A September analysis of BRT signatories found that they performed no better than their non-signatory counterparts on measures of stakeholder well-being related to the pandemic and social unrest over racial inequality.
“The result [of the rule changes] will be fewer shareholder proposals,” said Amy Borrus, executive director of the Council of Institutional Investors, “and that is precisely the goal of the business lobby that pressed the SEC to make these changes. Simply put, CEOs and corporate directors do not like being second-guessed by shareholders on environmental, social and governance matters.”
What happens next?
The final rule amendments are slated to apply to any proposal that will go to a vote on or after Jan. 1, 2022. Many observers expect to see legal challenges that could forestall implementation. The outcome of the Nov. 3 election is also likely to influence the process considerably.
Some stakeholders envision a more systemic shift. A September analysis by nonprofit organizations The Shareholder Commons and B Lab calls for comprehensive legislative and regulatory change to U.S. corporate and securities laws.
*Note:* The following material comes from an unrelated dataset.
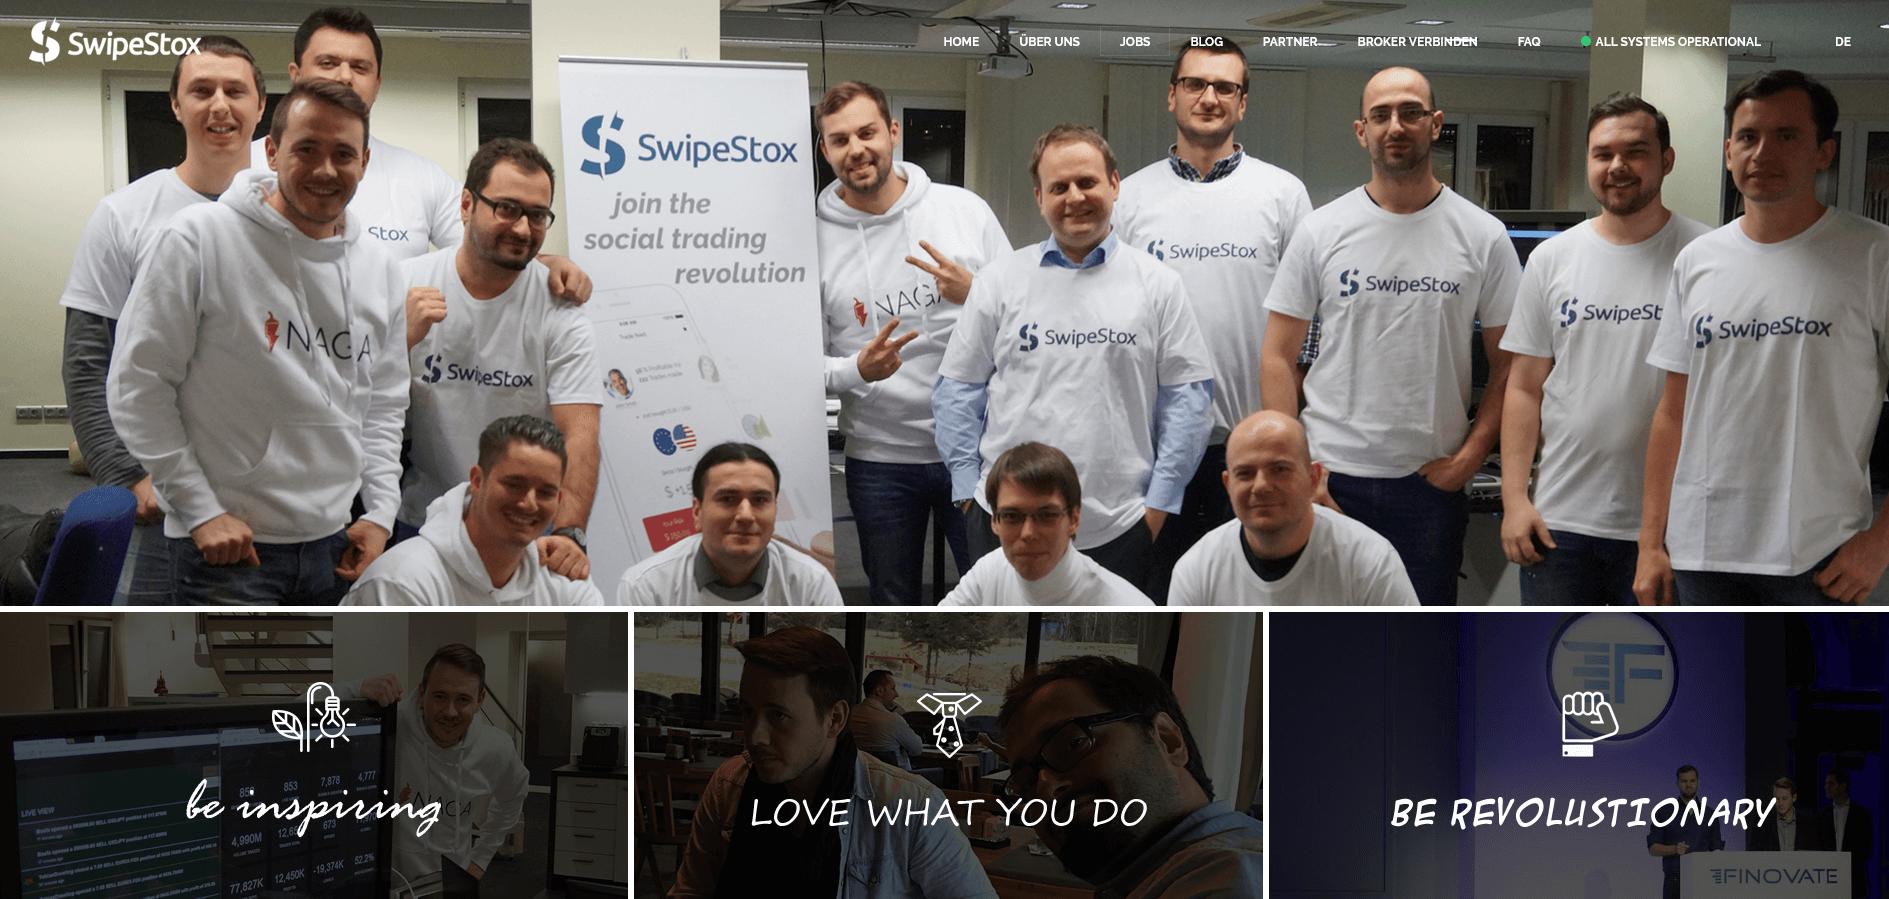 Jobs bei SwipeStox

The policy proposals revolve around a core concept: creating a legal structure that encourages the creation of “guardrails,” investor-sanctioned limits on corporate behavior that exploits vulnerable communities or common resources.
The report proposes that the current amendments to Rule 14a-8 be reversed, and that the rule be further amended to clarify that proposals aimed at protecting social and environmental systems are proper matters for shareholders to bring before annual meetings.
Such proposals would seem to be a necessary feature of our collective future, not our past. At a time when social and environmental stressors have an increasingly potent impact on the systems that support our economy, corporate accountability to a broad range of stakeholders is paramount.